Data excerpts

______________________________

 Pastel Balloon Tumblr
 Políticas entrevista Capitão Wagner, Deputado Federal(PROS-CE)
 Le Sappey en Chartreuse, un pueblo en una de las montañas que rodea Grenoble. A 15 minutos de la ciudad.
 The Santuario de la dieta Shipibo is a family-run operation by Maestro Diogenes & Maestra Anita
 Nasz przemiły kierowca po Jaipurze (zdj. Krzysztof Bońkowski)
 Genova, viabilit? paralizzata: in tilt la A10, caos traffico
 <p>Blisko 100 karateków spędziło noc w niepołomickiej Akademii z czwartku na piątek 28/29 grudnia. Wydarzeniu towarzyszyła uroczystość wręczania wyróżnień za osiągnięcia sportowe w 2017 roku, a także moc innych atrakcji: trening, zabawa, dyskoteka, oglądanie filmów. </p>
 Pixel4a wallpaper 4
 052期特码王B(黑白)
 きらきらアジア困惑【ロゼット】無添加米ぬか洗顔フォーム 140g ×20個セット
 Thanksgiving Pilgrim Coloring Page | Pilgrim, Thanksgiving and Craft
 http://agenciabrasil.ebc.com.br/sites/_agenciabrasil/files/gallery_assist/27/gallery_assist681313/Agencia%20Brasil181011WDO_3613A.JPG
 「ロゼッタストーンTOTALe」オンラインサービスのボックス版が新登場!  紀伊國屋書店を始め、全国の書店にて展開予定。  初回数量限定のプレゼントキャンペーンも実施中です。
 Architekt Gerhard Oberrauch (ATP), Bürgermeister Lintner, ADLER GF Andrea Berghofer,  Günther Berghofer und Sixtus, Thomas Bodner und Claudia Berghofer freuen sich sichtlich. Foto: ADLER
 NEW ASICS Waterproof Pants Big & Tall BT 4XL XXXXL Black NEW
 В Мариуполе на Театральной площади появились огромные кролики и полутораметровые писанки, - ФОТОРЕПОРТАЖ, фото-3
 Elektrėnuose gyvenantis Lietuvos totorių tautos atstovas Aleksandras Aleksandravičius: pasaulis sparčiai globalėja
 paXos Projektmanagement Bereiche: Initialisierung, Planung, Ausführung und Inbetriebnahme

______________________________

Write out the data above once more, exactly as it stands.

> Response box
 Pastel Balloon Tumblr
 Políticas entrevista Capitão Wagner, Deputado Federal(PROS-CE)
 Le Sappey en Chartreuse, un pueblo en una de las montañas que rodea Grenoble. A 15 minutos de la ciudad.
 The Santuario de la dieta Shipibo is a family-run operation by Maestro Diogenes & Maestra Anita
 Nasz przemiły kierowca po Jaipurze (zdj. Krzysztof Bońkowski)
 Genova, viabilit? paralizzata: in tilt la A10, caos traffico
 <p>Blisko 100 karateków spędziło noc w niepołomickiej Akademii z czwartku na piątek 28/29 grudnia. Wydarzeniu towarzyszyła uroczystość wręczania wyróżnień za osiągnięcia sportowe w 2017 roku, a także moc innych atrakcji: trening, zabawa, dyskoteka, oglądanie filmów. </p>
 Pixel4a wallpaper 4
 052期特码王B(黑白)
 きらきらアジア困惑【ロゼット】無添加米ぬか洗顔フォーム 140g ×20個セット
 Thanksgiving Pilgrim Coloring Page | Pilgrim, Thanksgiving and Craft
 http://agenciabrasil.ebc.com.br/sites/_agenciabrasil/files/gallery_assist/27/gallery_assist681313/Agencia%20Brasil181011WDO_3613A.JPG
 「ロゼッタストーンTOTALe」オンラインサービスのボックス版が新登場!  紀伊國屋書店を始め、全国の書店にて展開予定。  初回数量限定のプレゼントキャンペーンも実施中です。
 Architekt Gerhard Oberrauch (ATP), Bürgermeister Lintner, ADLER GF Andrea Berghofer,  Günther Berghofer und Sixtus, Thomas Bodner und Claudia Berghofer freuen sich sichtlich. Foto: ADLER
 NEW ASICS Waterproof Pants Big & Tall BT 4XL XXXXL Black NEW
 В Мариуполе на Театральной площади появились огромные кролики и полутораметровые писанки, - ФОТОРЕПОРТАЖ, фото-3
 Elektrėnuose gyvenantis Lietuvos totorių tautos atstovas Aleksandras Aleksandravičius: pasaulis sparčiai globalėja
 paXos Projektmanagement Bereiche: Initialisierung, Planung, Ausführung und Inbetriebnahme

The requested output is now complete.